With this other code:
function onFinalize(result) {
jsonPlug.jsonPlug(result, {
action: "modify",
jsPathConditionFlag: true,
jsPath: "$.match_info.rules.extraction[?(@.template == 'PERSONAL_DATA')].fields[?(@.field == 'Geographical_location')].value",
jsPathAction: "#this#",
values: "SCRIPT('toUpper')"
});
return result;
}
or with this one:
function onFinalize(result) {
jsonPlug.jsonPlug(result, {
action: "modify",
jsPathConditionFlag: true,
jsPath: "$.match_info.rules.extraction[?(@.template == 'PERSONAL_DATA')].fields[?(@.field == 'Geographical_location')].value",
jsPathAction: "#this#",
values: ["SCRIPT('toUpper')"]
});
return result;
}
you will get this record:
Template: PERSONAL_DATA
Field | Value |
---|---|
@Name | Alan Moore |
@Geographical_location | NORTHAMPTON |
@Date_of_birth | Nov-18-1953 |
As you can see, the Geographical_location field value has been turned into uppercase thanks to the toUpper
built-in function.
Clearl, you have the flexibility to utilize both the built-in functions and any custom functions specifically developed for your project.
values
must contain—in case of scripting functions to modify the initial output value with no new values—the scripting functions with an optional parameter to be called with the same syntax of the SCRIPT
attribute.
Note
It is not allowed to use regular expressions within the values
array while using the modify
action. However, you have the flexibility to employ regular expressions within the invoked function(s).
In jsonPlug, there is a distinction in how the SCRIPT() attribute behaves compared to its behavior inside rules. Specifically, when used inside rules, SCRIPT() automatically receives, as its first parameter, the index of the matched token. However, when employed with jsonPlug, it takes a different form.
Within the jsonPlug context, the SCRIPT() attribute's first parameter is a string. This string is, in fact, an object containing information equivalent to the paths
output of the queryJsonPath
method. This design allows for seamless integration of scripting functions with jsonPlug, facilitating advanced data manipulation and extraction.
modify regex
Like modify with the only difference that a regular expression is used to determine which parts of the value have to be replaced.

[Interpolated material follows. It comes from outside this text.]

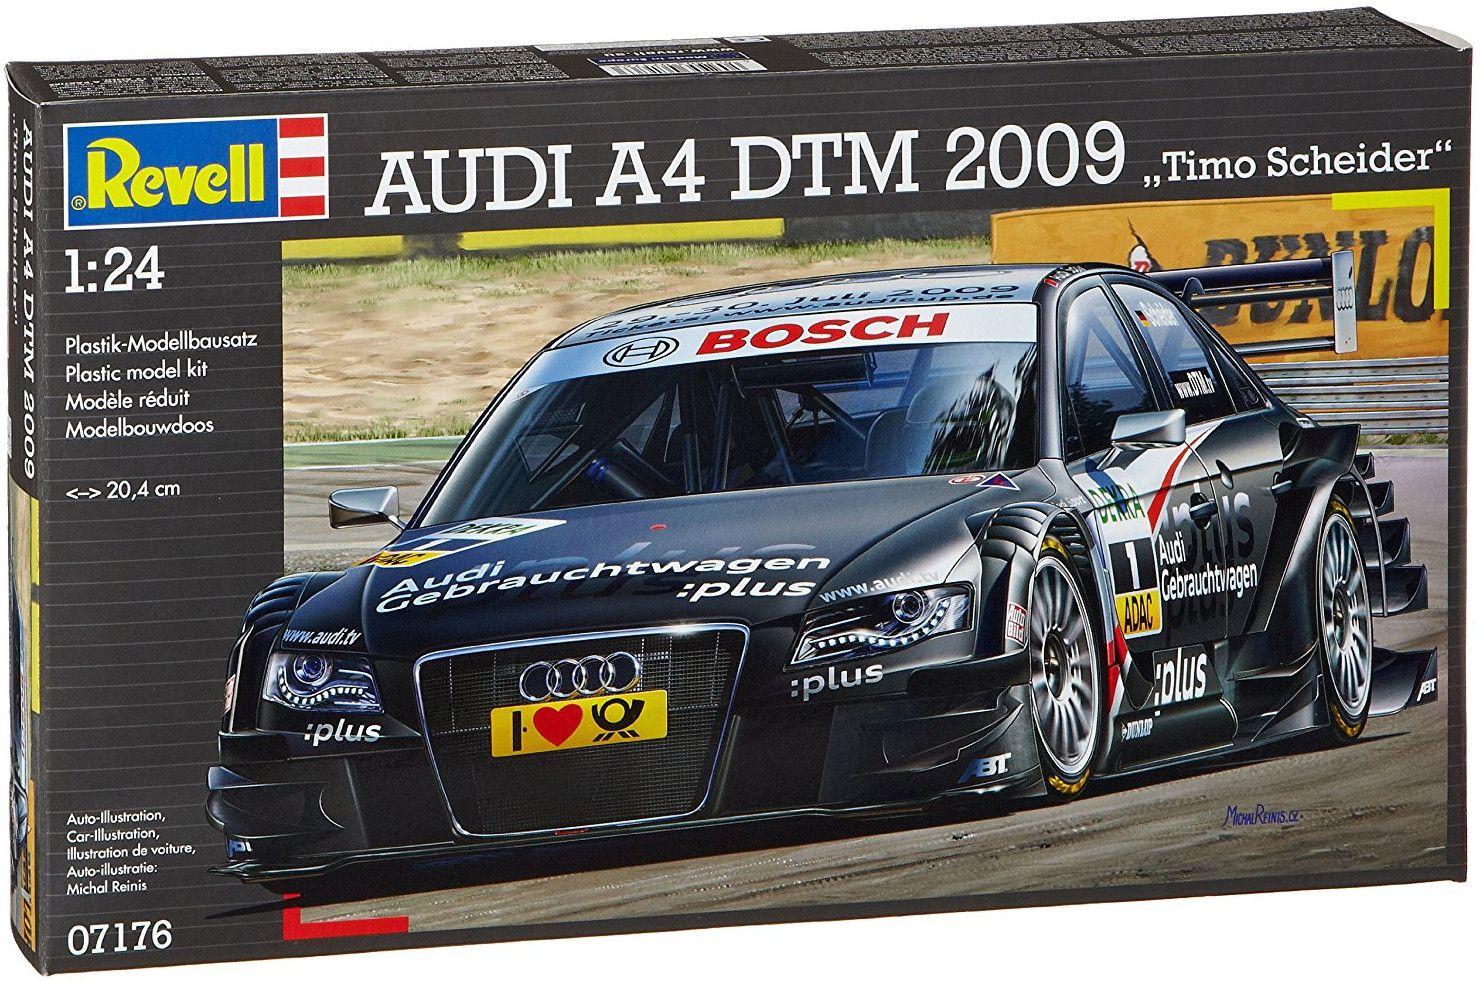 Сглобяем модел на автомобил Revell - Audi A4 2009 Timo Scheider (07176) - 2

For example, consider the following templates:
TEMPLATE(PERSONAL_DATA)
{
@Name,
@Date_of_birth,
@Geographical_location,
@Main_works
}
TEMPLATE(PERSONAL_DATA_TEST)
{
@Name,
@Date_of_birth,
@Geographical_location,
@Main_works
}
If this rule:
SCOPE SENTENCE
{
IDENTIFY(PERSONAL_DATA)
{
@Name[TYPE(NPH)]
<>
@Date_of_birth[TYPE(DAT)]
<>
@Geographical_location[SYNCON(100192240)] //@SYN: #100192240# [Northampton]
}
}
is applied to this input text:
Mr. Alan Moore was born on the 18th of November 1953 in Northampton.
you will get this record:
Template: PERSONAL_DATA
Field | Value |
---|---|
@Name | Alan Moore |
@Geographical_location | Northampton |
@Date_of_birth | Nov-18-1953 |
This code:
function onFinalize(result) {
jsonPlug.jsonPlug(result, {
action: "modify regex",
jsPathConditionFlag: true,
jsPath: "$.match_info.rules.extraction[?(@.template == 'PERSONAL_DATA')].template",
jsPathAction: "#this#",
values: [/^(.+)$/, "$1_TEST"]
});
return result;
}
will produce this change:
Template: PERSONAL_DATA_TEST
Field | Value |
---|---|
@Name | Alan Moore |
@Geographical_location | Northampton |
@Date_of_birth | Nov-18-1953 |
Note
If you modify a field which ends up having the same name and the same extracted value of another sibling field, both will be merged into a single one inheriting all their instances.
As you can see, the record name has changed. The new one is a concatenation of the first regular expression capturing group plus _TEST.
The contents of the values
array must be:
regularExpression, replacementString
where:
regularExpression
is the regular expression that determines the parts of the node value to change.replacementString
is the replacement string where placeholders like$1
,$2
, etc. can be used to refer to the capturing groups of the regular expression.